Liu Shahe wrote a book titled “Human Traders’ Quantitative Trading Surrender,” every word bloodstained. He said after practicing the market for over ten years, quantitative methods are completely useless; his account was halved, and he quit trading altogether. He’s not the only one—Xiao Fangshen lost 80 million yuan in half a month, and someone went from 800 million to just 200 million. Those familiar names have already disappeared from the Dragon and Tiger list. Some retail traders even said that once they made a move, they were immediately hit with the quantitative kill switch.
Why did retail traders lose so badly? Who shattered their livelihood? Ultimately, humans are completely powerless against advanced algorithms. Just as you try to trigger a limit-up, the machine instantly dumps chips to trap you; if the stock price fluctuates slightly, the machine sells unconditionally—no regard for broader strategy. The old ways of retail trading are now invalid.
With retail traders surrendering, is there still hope for individual investors? Yes. But you must abandon your previous short-term speculative mindset. Quantitative trading isn’t invincible; it has three fatal flaws. If you catch them, you can still survive.
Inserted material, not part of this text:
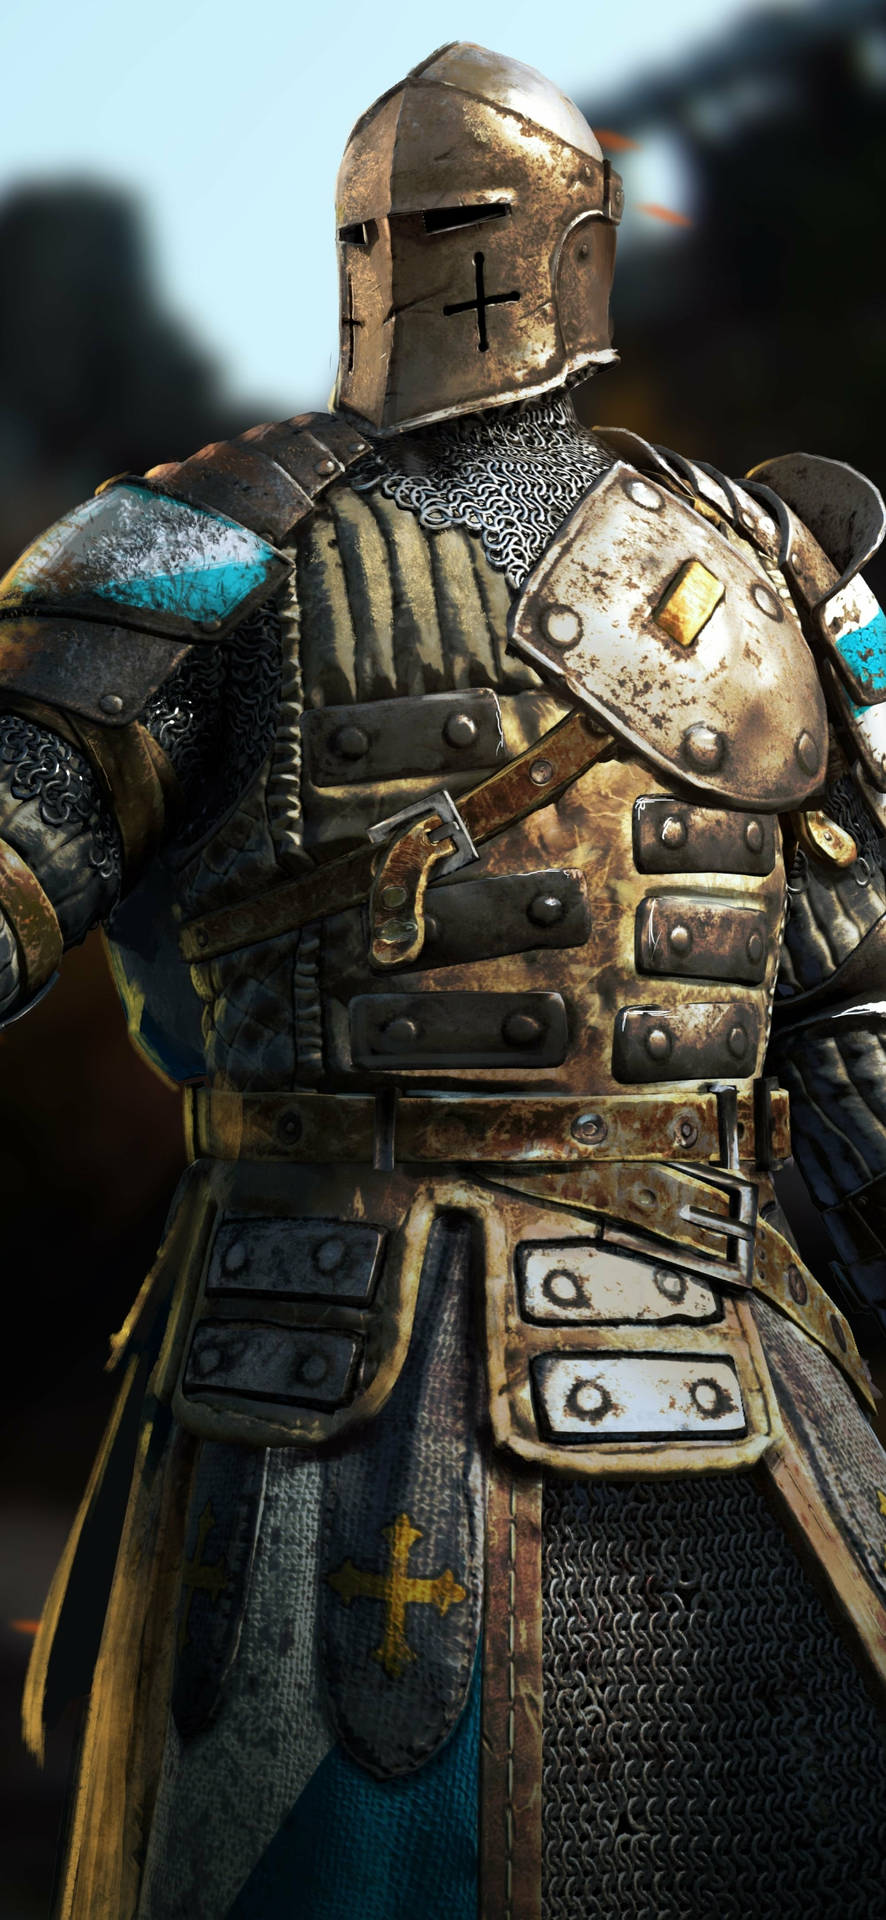 4k Gaming Phone For Honor Warden
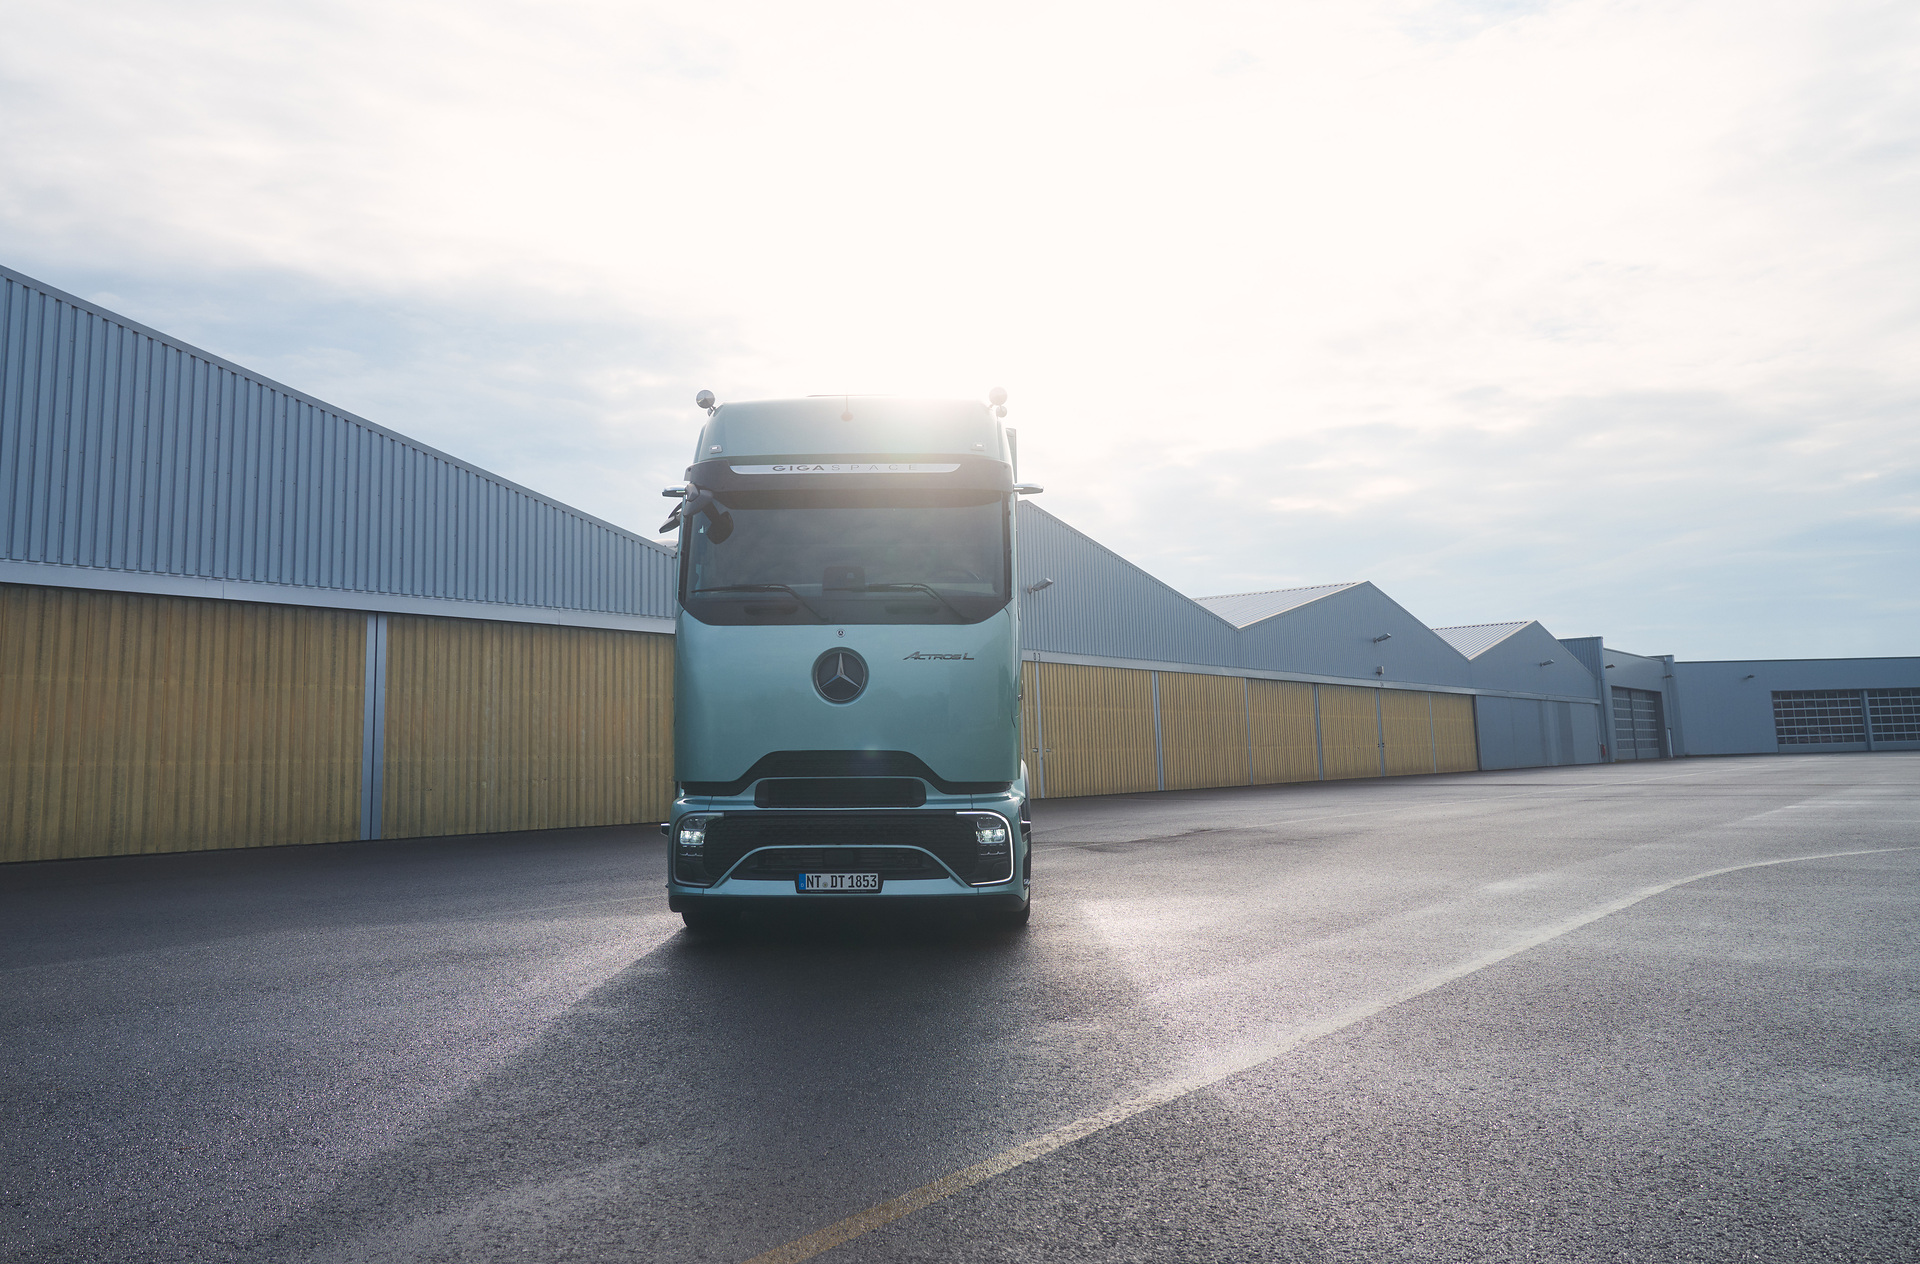 Even more efficiency on the road: The new Actros L from Mercedes-Benz Trucks with its futuristic ProCabin, even better aerodynamics and further optimized assistance systems

First, quant models can’t handle low-liquidity, small-cap stocks because they need liquidity to harvest gains. Second, machines tend to run the same strategy repeatedly, causing a stampede effect during declines, which can crush truly valuable companies into golden pits. Third, you need to find situations where machines can’t predict—like running factories, analyzing trends, or truly understanding a company’s future—then you’ll have a chance.
So don’t be afraid. Liu Shahe’s surrender isn’t humanity’s failure. In the future, A-shares will reward those who focus on understanding companies, industries, and mid-term cycles, rather than those who race against machines.